# Does Running Tone Muscles?



## jmstoge (Dec 1, 2008)

Just wondering if you can get any assistance in toning muscles through running? You'll have to excuse my ignorance if this is a stupid question. Thanks

J


----------



## danzik17 (Dec 1, 2008)

Nope.  There is no such thing as toning, only gaining and losing fat or muscle.
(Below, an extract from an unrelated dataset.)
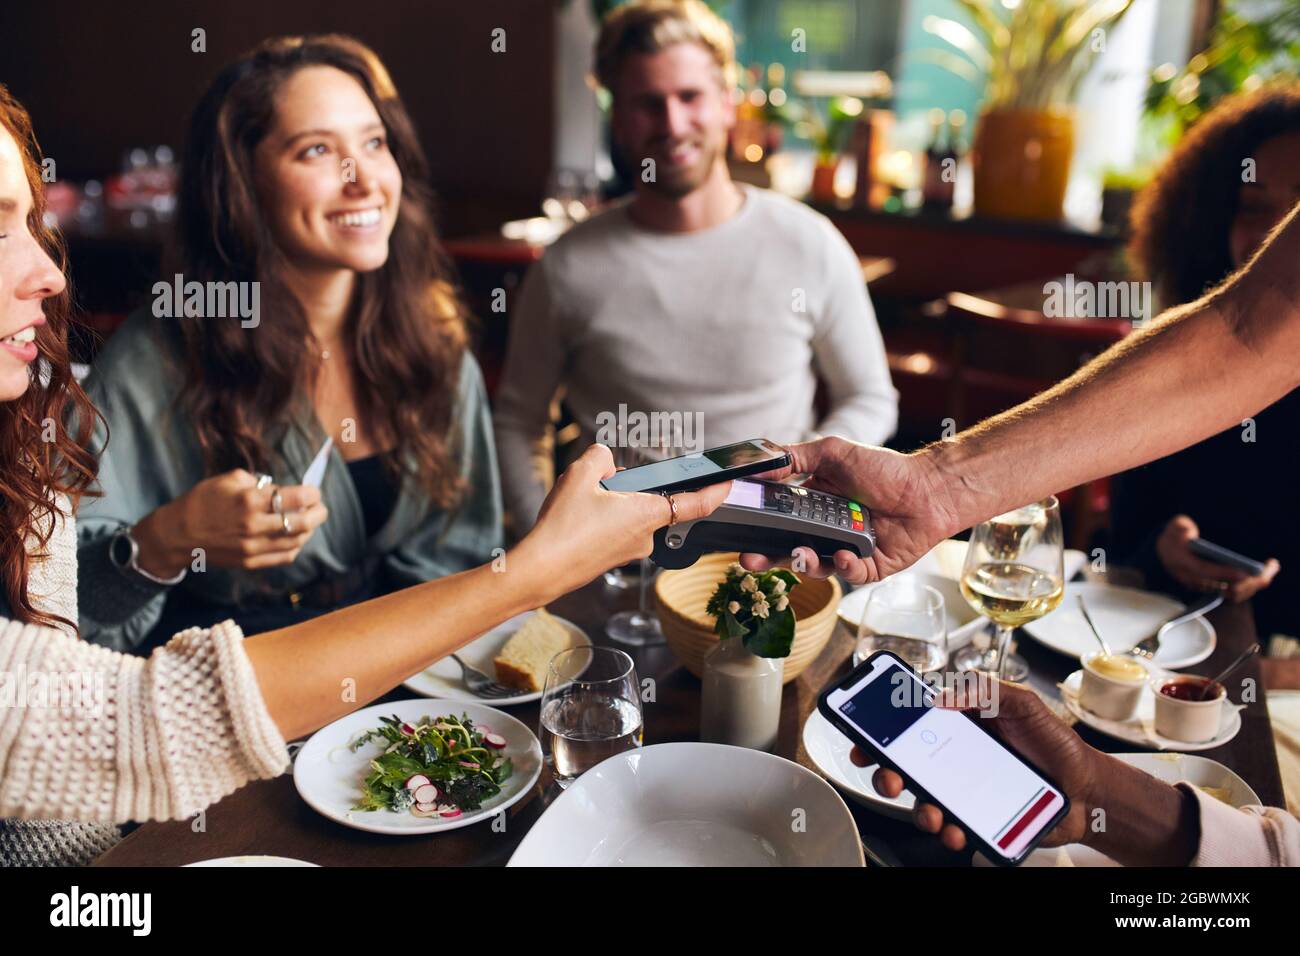 Freunde zahlen kontaktlos im Restaurant Stockfotografie - Alamy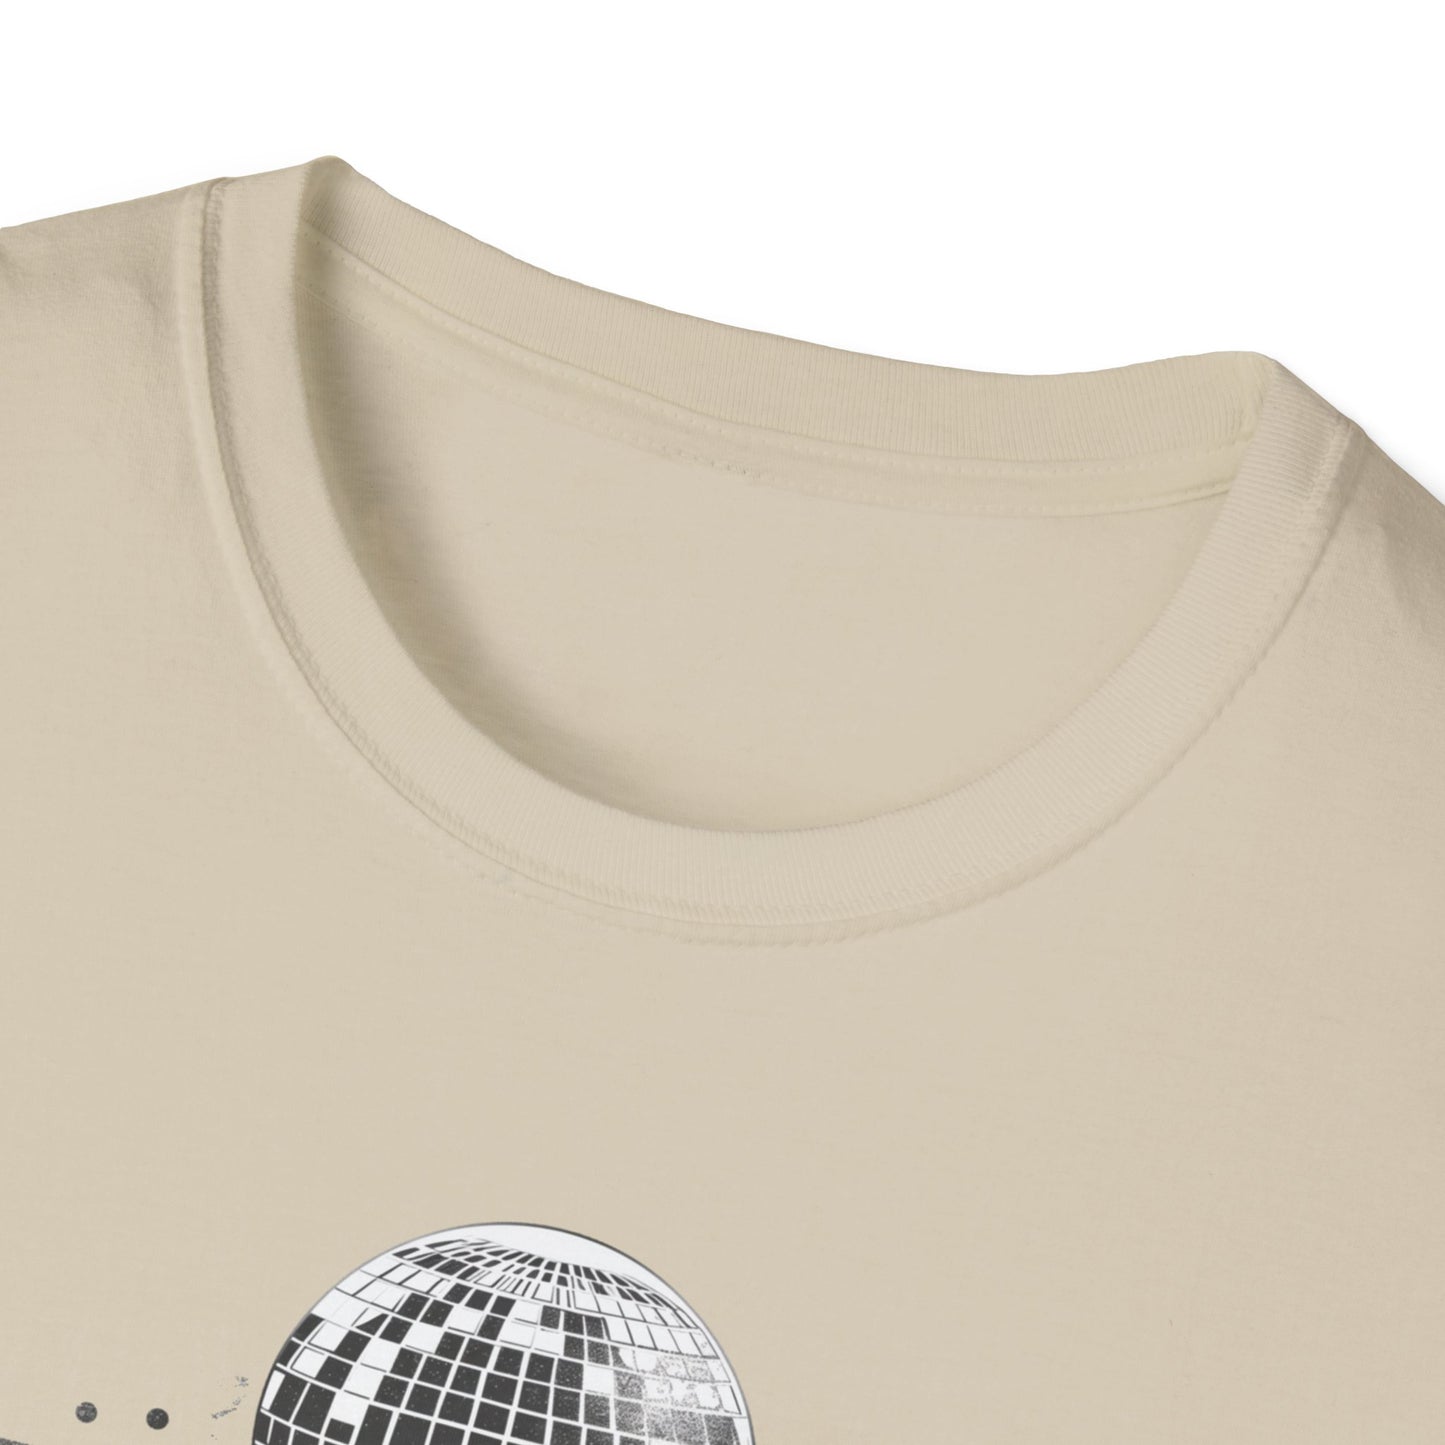 Make It Magical: "Disco Yeti" Unisex Retro T-Shirt

What people commonly refer to as toning is actually losing fat, which is mainly accomplished through diet.


----------



## readyformore (Dec 1, 2008)

diet is everything in weight lifting, if you dont get the right amount of the right stuff then your gonna store fat if to much or loose muscle if to little


----------



## Merkaba (Dec 2, 2008)

danzik17 said:


> Nope.  There is no such thing as toning, only gaining and losing fat or muscle.
> 
> What people commonly refer to as toning is actually losing fat, which is mainly accomplished through diet.



Jesus fucking amen!  

Now try telling that to all the girls in the gym!


----------



## readyformore (Dec 2, 2008)

Merkaba said:


> Jesus fucking amen!
> 
> Now try telling that to all the girls in the gym!



x2 haha all these girl's think there gonna loose all there weight from not eating at all and stuff, alot of girls starve themselves to loose weight, kinda sad...


----------